This exercise calls for the line with "These magnificent dining", the line with "An assembly file in SOLIDWORKS 2023.", and all lines between them in the material below, output exactly and with no other lines.

(DATA FOR THIS TASK Opens)

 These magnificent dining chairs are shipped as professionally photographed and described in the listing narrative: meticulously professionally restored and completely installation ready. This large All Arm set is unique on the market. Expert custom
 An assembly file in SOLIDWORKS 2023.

(DATA FOR THIS TASK Closes)
(DATA FOR THIS TASK Opens)

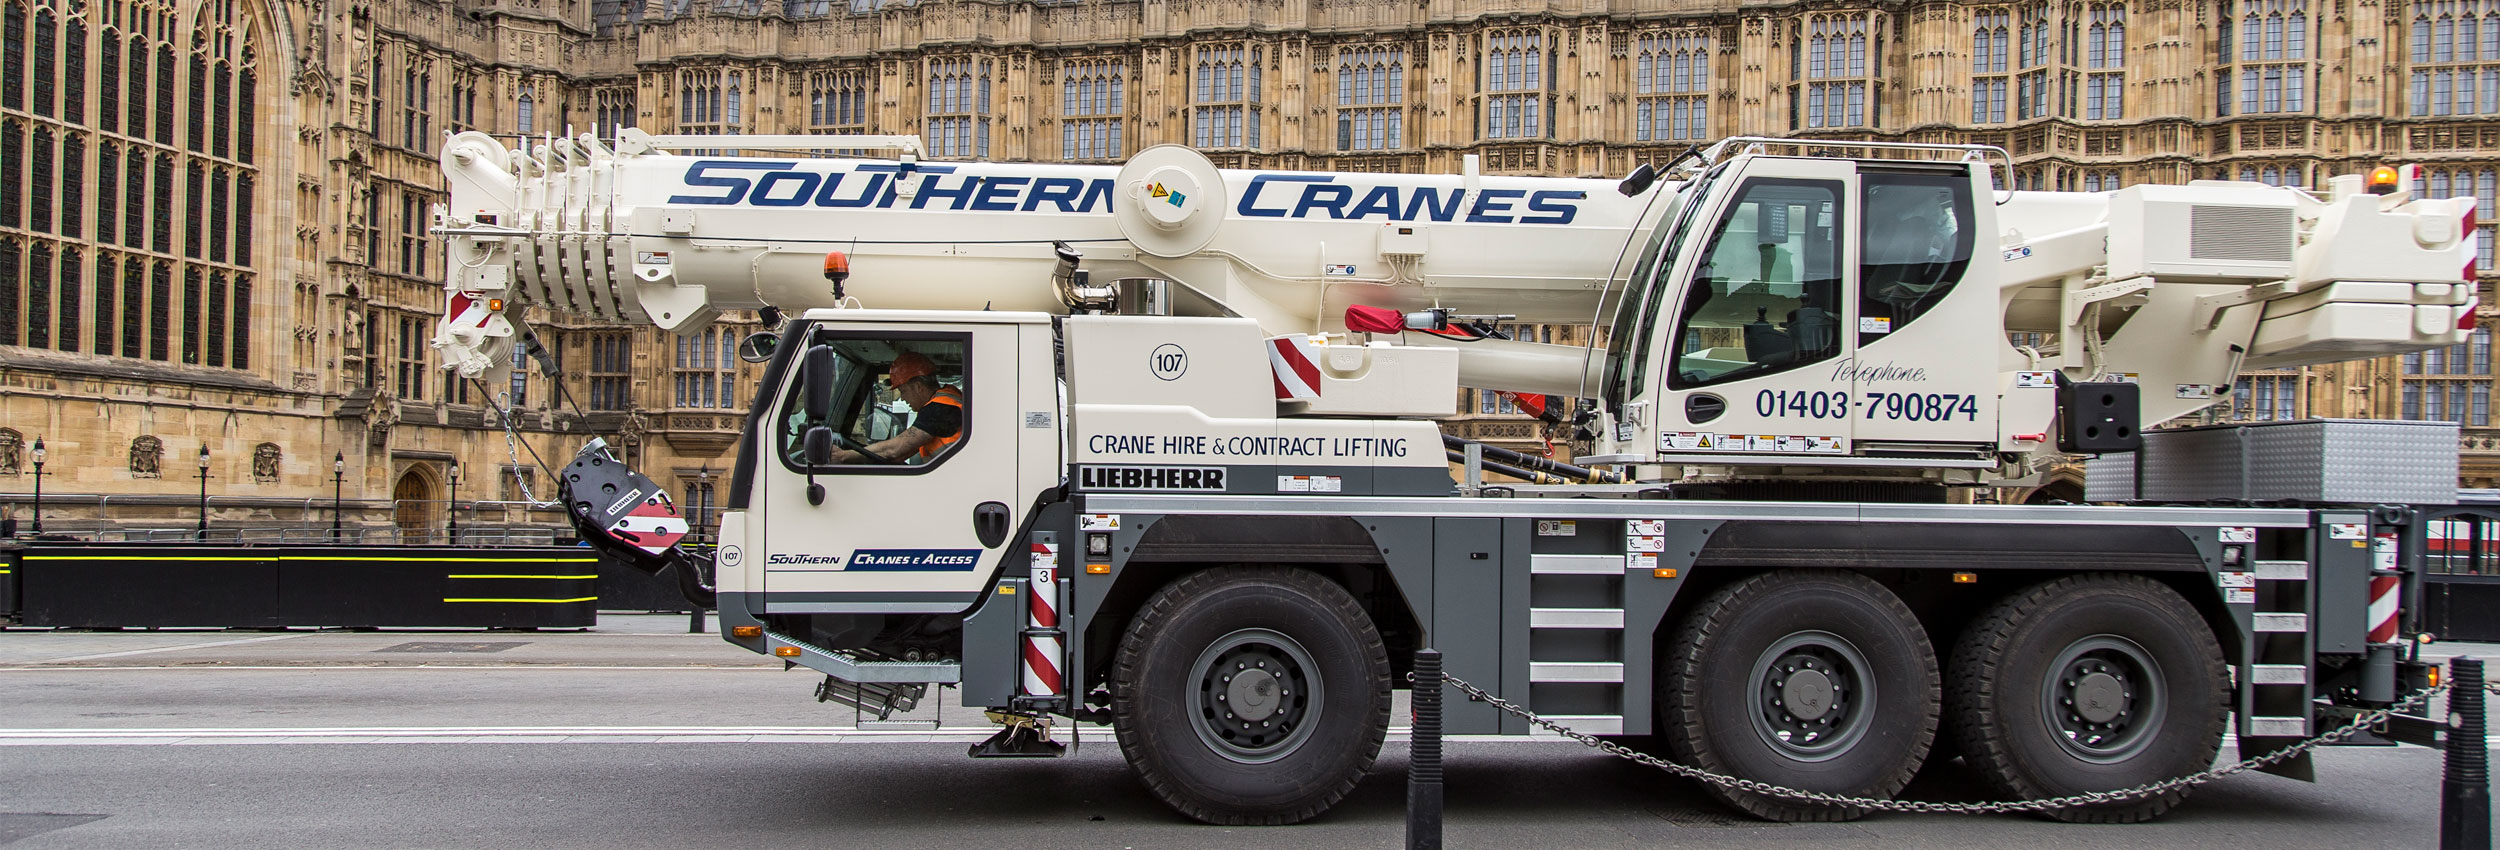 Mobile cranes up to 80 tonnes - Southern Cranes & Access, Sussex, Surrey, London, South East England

(DATA FOR THIS TASK Closes)

SOLUTION BELOW –
 These magnificent dining chairs are shipped as professionally photographed and described in the listing narrative: meticulously professionally restored and completely installation ready. This large All Arm set is unique on the market. Expert custom
 An assembly file in SOLIDWORKS 2023.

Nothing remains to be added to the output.